Materials and methods
Sample collection and DNA extraction
Blood samples were obtained from 227 unrelated male individuals representing four populations from northwest China: A total of 39 Tibetans from Guide County of Qinghai Province, 49 Uygurs from Urumqi city of Xinjiang Uygur Autonomous, 87 Liqian individuals from Yongchang County of Gansu province, and 52 Yugurs from Su’nan Yugur Autonomous County of Gansu province (Fig. 1). DNA was extracted from fresh blood by use of standard phenol–chloroform protocols.
Typing of Y chromosome DNA polymorphisms
We typed 12 Y-SNPs by size detection, restriction fragment length polymorphism (RFLP) and denaturing high performance liquid chromatography (DHPLC). There were three ins/del polymorphisms detected by agarose electrophoresis, YAP (Hammer 1994), 12f2 (Rosser et al. 2000) and MSY2 (Bao et al. 2000). Some of the markers were typed by RFLP, including SRY10831 (Whitfield et al. 1995), M9, M17 (Underhill et al. 1997), Tat (Zerjal et al. 1997) and RPS4Y (Bergen et al. 1999), and the others were genotyped by denaturing high performance liquid chromatography (DHPLC), including M122, M175, M45 and M89 (Underhill et al. 2001b).

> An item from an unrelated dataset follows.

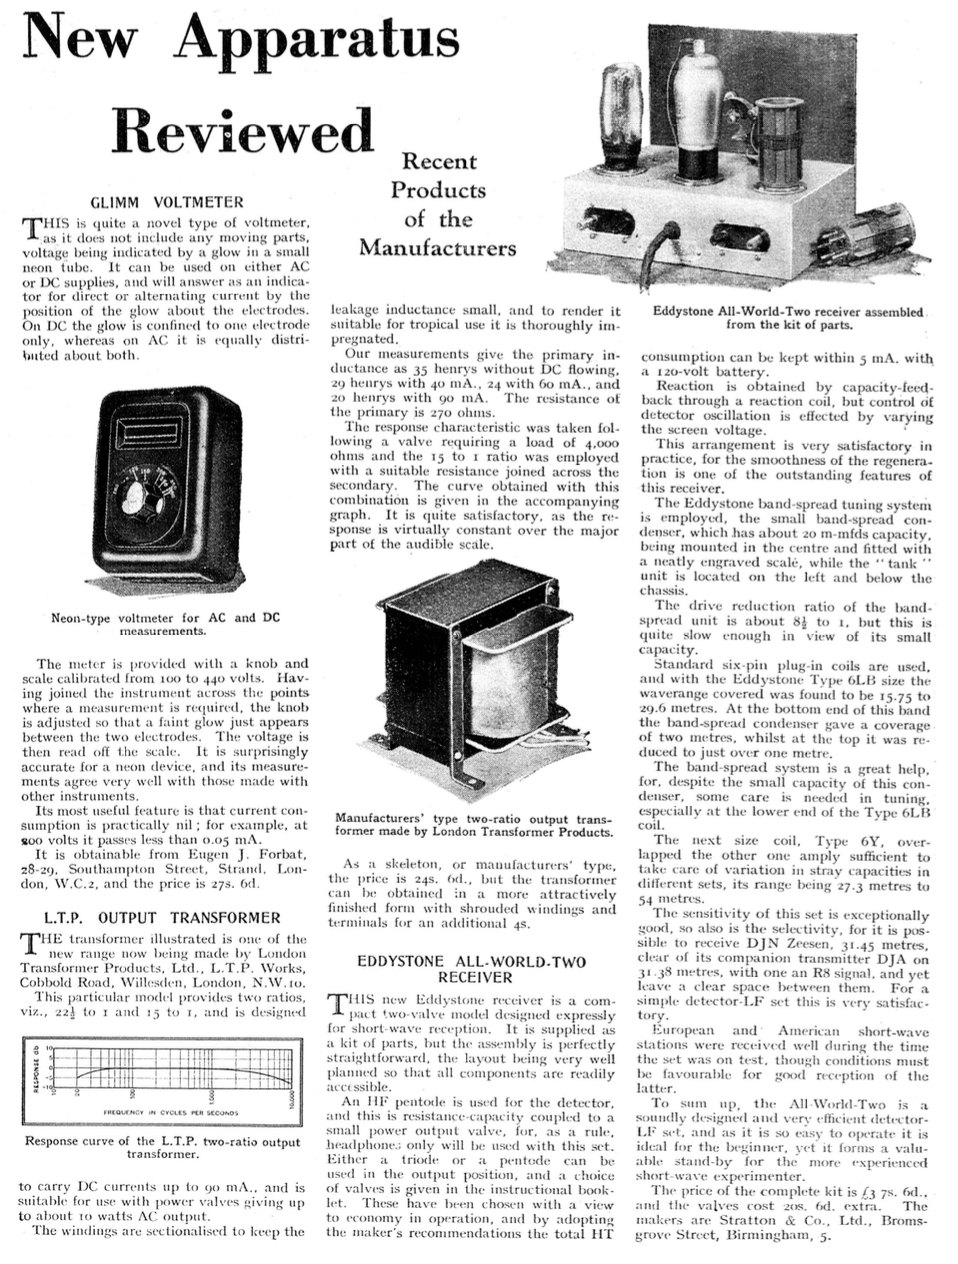 Eddystone All World Two - Article in Wireless World (1936-06)

The 12 Y-chromosomal short tandem repeats (Y-STRs) are included in the Promega Corporation PowerPlex® Y System (DYS19, DYS389I, DYS389II, DYS390, DYS391, DYS392, DYS393, DYS385a, DYS385b, DYS437, DYS438 and DYS439) and were typed in 227 individuals of our study. Allele scoring for each marker was obtained by comparison to the PowerPlex® Y System allelic ladder (Promega Corporation, Madison, WI). An Applied Biosystems 3100 automated sequencer in combination with GenescanTM 3.1 analysis software was used to detect and size the amplified fragments.
Data analysis
Arlequin2.0 software (Schneider et al. 2000) was used to compute Rst distances and associated P values based on 10,000 permutations (Slatkin 1995), to test the correlation between genetic and geographic distances (distances based on the geographical center of each region) (Mantel 1967) and to measure haplogroup/haplotype diversity (Nei 1987). Principal component analysis based on Y-SNP haplogroup frequencies and multidimensional scaling analysis based on Rst matrix were carried out using the SPSS12.0. Neighbor-joining tree on the basis of microsatellite allele frequencies was obtained using programs in the Phylip (v. 3.5) package (Felsenstein 2001). Program Adimix2.0 (Dupanloup and Bertorelle 2001) was used to calculate the admixture proportions based on Y-STR data. Median-joining network analysis (Bandelt et al. 1999) of haplogroup-associated haplotypes was performed by using NETWORK4.0.
Results
Haplogroup/ haplotype distributions and associated diversity
All 12 binary markers were found to be polymorphic, and these defined 11 haplogroups (Fig. 2). The diversity of the Yugur, the Han Chinese and the Uygur populations were high; in contrast, the Liqians presented low genetic diversity with a single highest frequency haplogroup O3-M122 (71.3%) (Fig. 2). The haplogroup O3 showed moderate frequency in the Yugurs, the Inner Mongolian and the Han Chinese populations (Xue et al. 2006) and low frequency in the Tibetans and the Uygurs. In our study, haplogroup DE defined by YAP occurred at low haplogroup frequency in Liqians, and it was also prevalent in the Yugurs, but amounted to 48.7% in the Tibetans. The lineage characterized by RPS4Y is predominant in the Inner Mongolians (Xue et al. 2006), with moderate frequency in Han Chinese and Yugur populations, but it is rare in Liqian and other Chinese populations (Xue et al. 2006). R1a1*-M17, prevalent in the Middle East and Europe (Luis et al. 2004), amounts to 28.6% in the Uygurs, while it was rare in most Chinese populations, including the Liqian and Yugur people. Obviously, the lineages (I, J and H), frequent in West Eurasia (Semino et al. 2000), are lacking in Liqian people, whereas the haplogroup O, prevalent in Liqian and other East Asian populations, is lacking in Central Asia and West Eurasia.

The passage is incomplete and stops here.